44 O Gráfico Amador foi uma tipografia artesanal fundada por jovens recifenses, muitos deles oriundos do TEP,

e que funcionou entre 1951 e 1961. A inexistência de editoras locais levou aquele grupo de jovens a criar os próprios meios para publicação de suas obras. Enquanto alguns, como Aloísio Magalhães e Gastão de Holanda, se dedicavam ao trabalho técnico e criativo da produção bibliográfica artesanal, outros como José Laurenio de Melo e Orlando Costa Ferreira dedicavam-se à elaboração e seleção do material a ser publicado.

baseada nas narrativas e mitos populares da Espanha, mas também por suas iniciativas de divulgação do teatro entre as classes populares.

Suassuna relembra Lorca para exemplificar a diferença entre uma arte popular “original” e a sua recriação por artistas eruditos. Em várias oportunidades ressalta que apenas o “povo pobre do Brasil real” tem a capacidade de produzir arte popular, e que qualquer artista de elite que o pretendesse, não conseguiria ir além de uma mera falsificação. É interessante observar, na descrição que o autor faz do trabalho de García Lorca e do compositor Manuel de Falla, como muitas dessas características podem ser identificadas nos princípios do Movimento Armorial e das políticas de cultura que ele implementaria a partir da década de 1970.

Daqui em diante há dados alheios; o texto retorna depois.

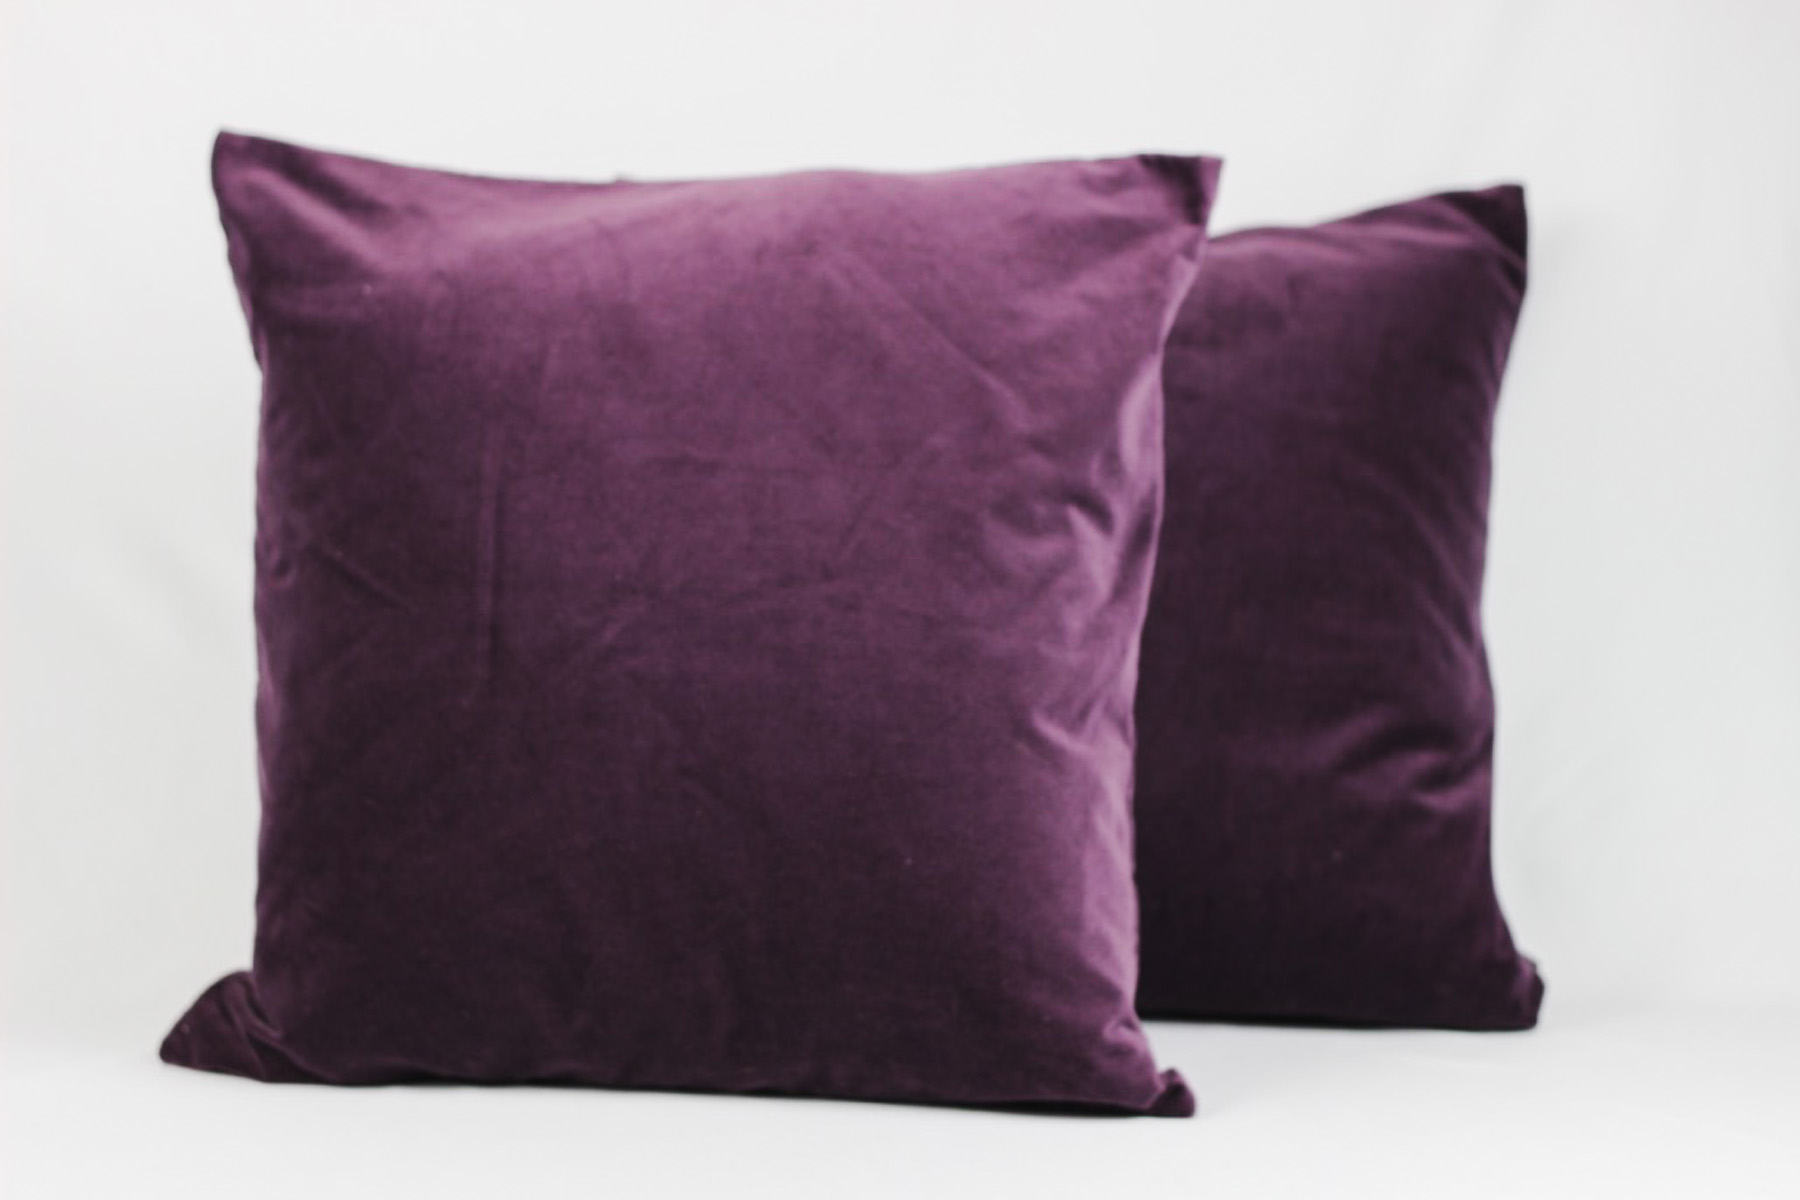 Purple Velvet Pillows - Scavenged Vintage Rentals

A postura que podemos assumir (nós, que pertencendo ao Brasil oficial, desejamos, no entanto, ligar nossa arte à do Brasil real) é mirar-nos no exemplo de um García Lorca ou de um Manuel de Falla, entre outros. García Lorca pertencia à classe privilegiada de seu país. Como nós, desejava que se acabasse aquela cisão dilaceradora, causada pelo capitalismo e que separa o povo de nós. Lutou contra ela do modo que lhe era possível (e foi por causa disso que o fuzilaram). Mas, mesmo em plena vigência da cisão, amava profundamente a arte de seu povo. Uniu-se ao seu amigo Manuel de Falla e os dois, juntos, fizeram pesquisas que duraram muito tempo, anotando romances, cantares e “descantes” do povo espanhol. Foi daí que surgiram obras de gênio como o “Romanceiro Cigano” de Lorca, e “O retábulo de mestre Pedro”, de Manuel de Falla; um livro de poemas e um espetáculo de música, teatro e canto tão profundamente espanhóis e apesar disso (ou por isso mesmo) tão universais. É claro que García Lorca não copiava. Partia do romanceiro popular espanhol, de suas formas e de seu espírito. Mas recriava e transformava tudo, valendo-se de sua arte refinada e poderosa (...)45

É sintomático o sentimento de identificação que Suassuna revela ter em relação a Garcia Lorca. Assim como o autor espanhol, ele é oriundo de uma camada social privilegiada, mas dedica-se a pesquisar, valorizar e recriar manifestações do Romanceiro popular de seu país. Ao descrever Lorca, Suassuna descreve a ele próprio e seu próprio modo de fazer arte.

Em sua hierarquia estética particular, Suassuna considera García Lorca o maior poeta do século XX, bem como Heitor Villa-Lobos o maior compositor brasileiro de todos os tempos. Ambos conseguiram, segundo ele, a partir de uma reelaboração formal das culturas populares, produzir uma cultura erudita a um só tempo nacional e universal. Segundo a sua perspectiva, a única alternativa de se atingir a universalidade, ou, mais especificamente, o

reconhecimento artístico internacional - enquanto artista brasileiro - seria buscando traduzir a especificidade de um espírito nativo imanente às culturas populares numa linguagem artística erudita, ao mesmo tempo original e integrada aos cânones da grande arte universal. No que diz respeito à musica, explica:

A música erudita é o fruto sedimentado da superação da música popular, superação essa realizada pelos grandes espíritos através dos tempos. Na Espanha, a arte popular vive nas raízes da erudita: é o caso de Manuel de Falla, na música, e García Lorca na poesia, ambos tão universais e ao mesmo tempo tão espanhóis.46

O aproveitamento da arte popular como matéria-prima para uma reelaboração formal eruditizada seria um imperativo moral para o artista nacional, ou seja, uma missão. Deste modo, o artista cumpriria uma dupla tarefa: manteria vivo o espírito da cultura popular, eternizando-a na arte erudita; ajudaria desta forma a construir uma arte nacional que seria, por sua singularidade, digna de integrar o panteão da grande arte universal.